07/30/2021 21:18:47,spid1s,Unknown,Process ID 82 was killed by an ABORT_AFTER_WAIT = BLOCKERS DDL statement on database_id = 32763<c/> object_id = 0.

07/30/2021 21:18:49,spid142s,Unknown,[GenericSubscriber] Begin of starting audit sessions on transition to primary. Database: 1bc613f9-72a7-4dd8-85e2-c2e9e4821f68<c/> Partition ID: 75459A04-DCFF-4AAA-939E-D1CAD901AADE.

07/30/2021 21:18:49,spid1s,Unknown,Cannot remove the credential 'https://myauditaccount.blob.core.windows.net/auditlogins' because it is being used.

07/30/2021 21:18:50,Logon,Unknown,Database 'master' on server 'np:\\.\pipe\DB4C.0-E848FE6A99A3\sql\query' is not currently available.  Please retry the connection later.  If the problem persists<c/> contact customer support<c/> and provide them the session tracing ID of '***'.
07/30/2021 21:18:50,Logon,Unknown,Error: 40613<c/> Severity: 17<c/> State: 169.

07/30/2021 21:19:58,spid12s,Unknown,Audit: Server Audit: 65536<c/> State changed from: STARTED to: SHUTTING_DOWN

07/30/2021 23:27:19,spid13s,Unknown,SQL Server Audit has started the audits. This is an informational message. No user action is required.
07/30/2021 23:27:19,spid13s,Unknown,Audit: Server Audit: 65539<c/> Initialized and Assigned State: STARTED
07/30/2021 23:27:19,spid13s,Unknown,Audit: Server Audit: 65539<c/> Initialized and Assigned State: START_FAILED
07/30/2021 23:27:19,spid13s,Unknown,FAppAuditingChangeFlushPolicy enabled<c/> setting flush policy to 0
07/30/2021 23:27:19,spid13s,Unknown,Audit: Server Audit: 65537<c/> Initialized and Assigned State: STARTED
07/30/2021 23:27:19,spid13s,Unknown,Audit: External Monitor Target Create succeeded
07/30/2021 23:27:19,spid13s,Unknown,Audit: Server Audit: 65537<c/> Initialized and Assigned State: START_FAILED
07/30/2021 23:27:19,spid13s,Unknown,FAppAuditingChangeFlushPolicy enabled<c/> setting flush policy to 0
07/30/2021 23:27:19,spid13s,Unknown,SQL Server Audit is starting the audits.

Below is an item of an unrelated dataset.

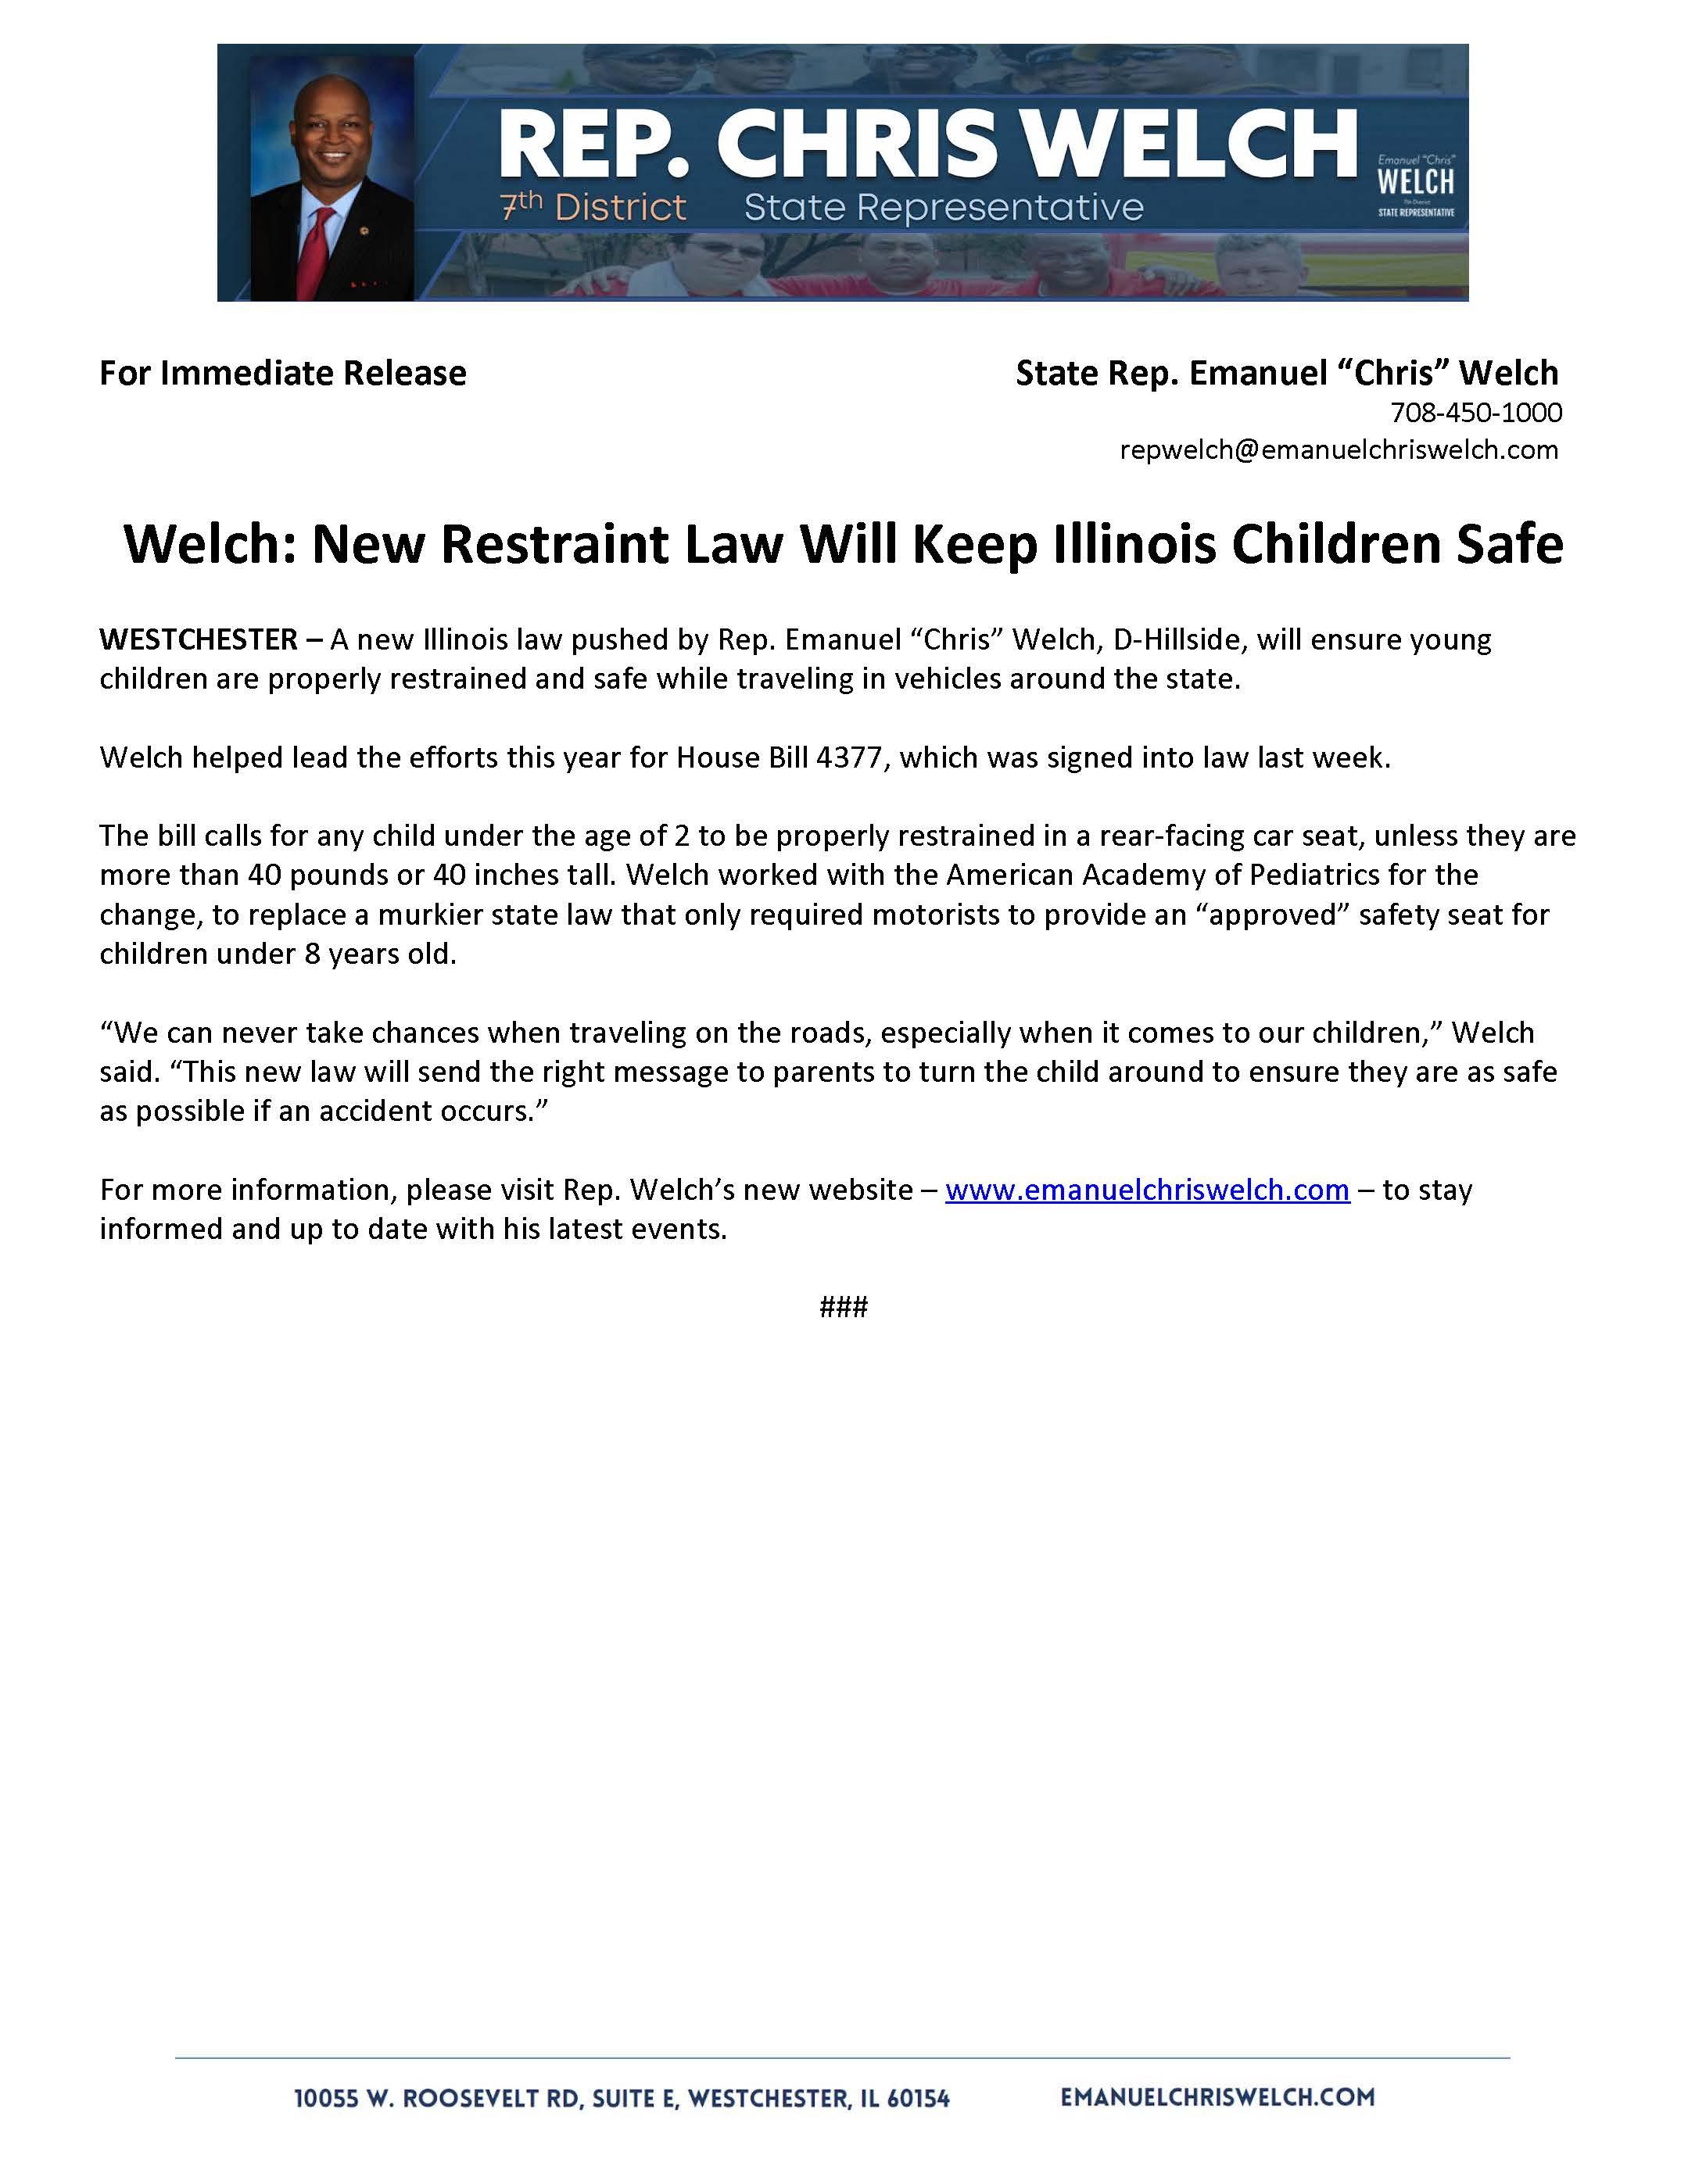 Welch: New Restraint Law Will Keep Illinois Children Safe  (August 10, 2018)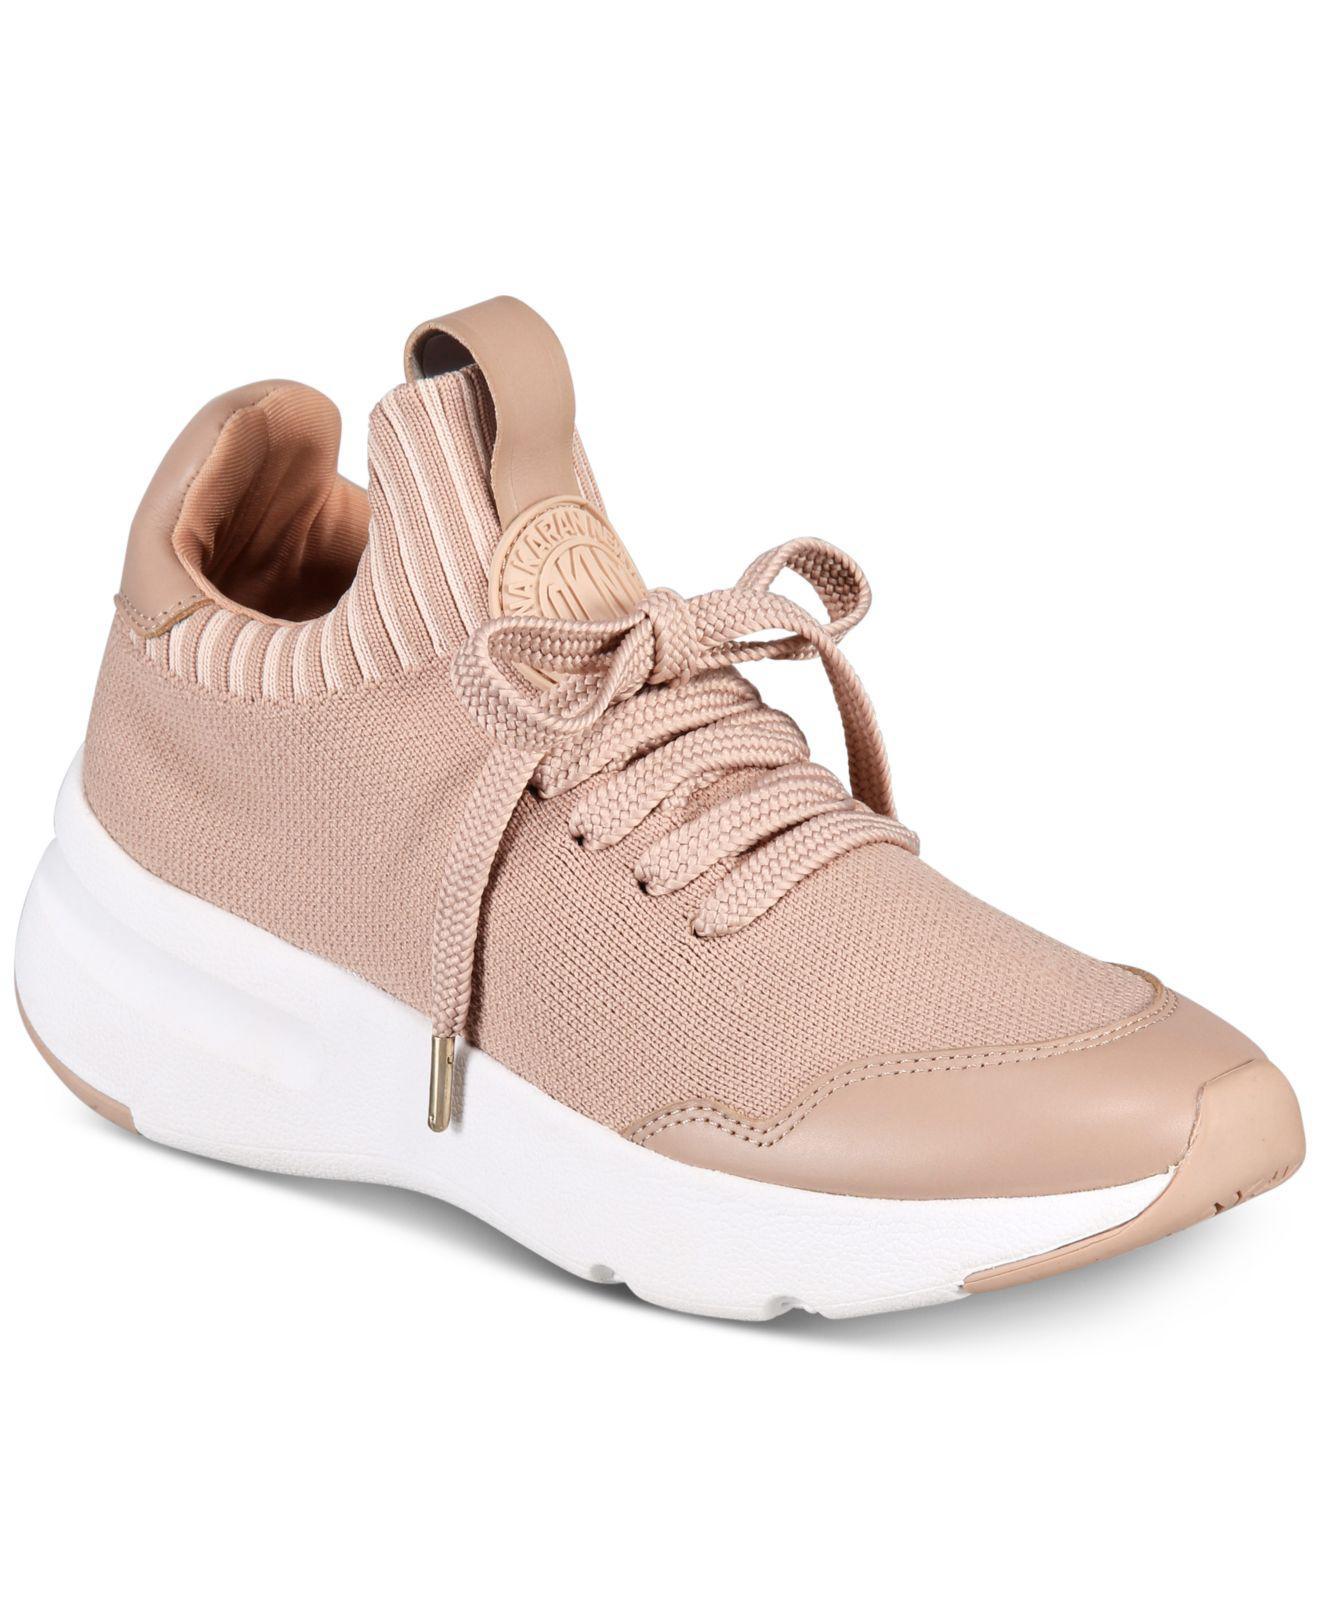 DKNY Pamela Sneakers, Created For Macy

This is an informational message. No user action is required.

Simply disabling and enabling the audit allows it to start writing again. I have configured an alert with SentryOne to detect if audit events stop writing.

Microsoft Support confirms a bug

Microsoft said that this is a bug with the Managed Instance and happens when there’s a planned reconfiguration from their side, e.g. patching, updates, etc. There should be a fix sometime this year, but in the meantime just need to keep monitoring it.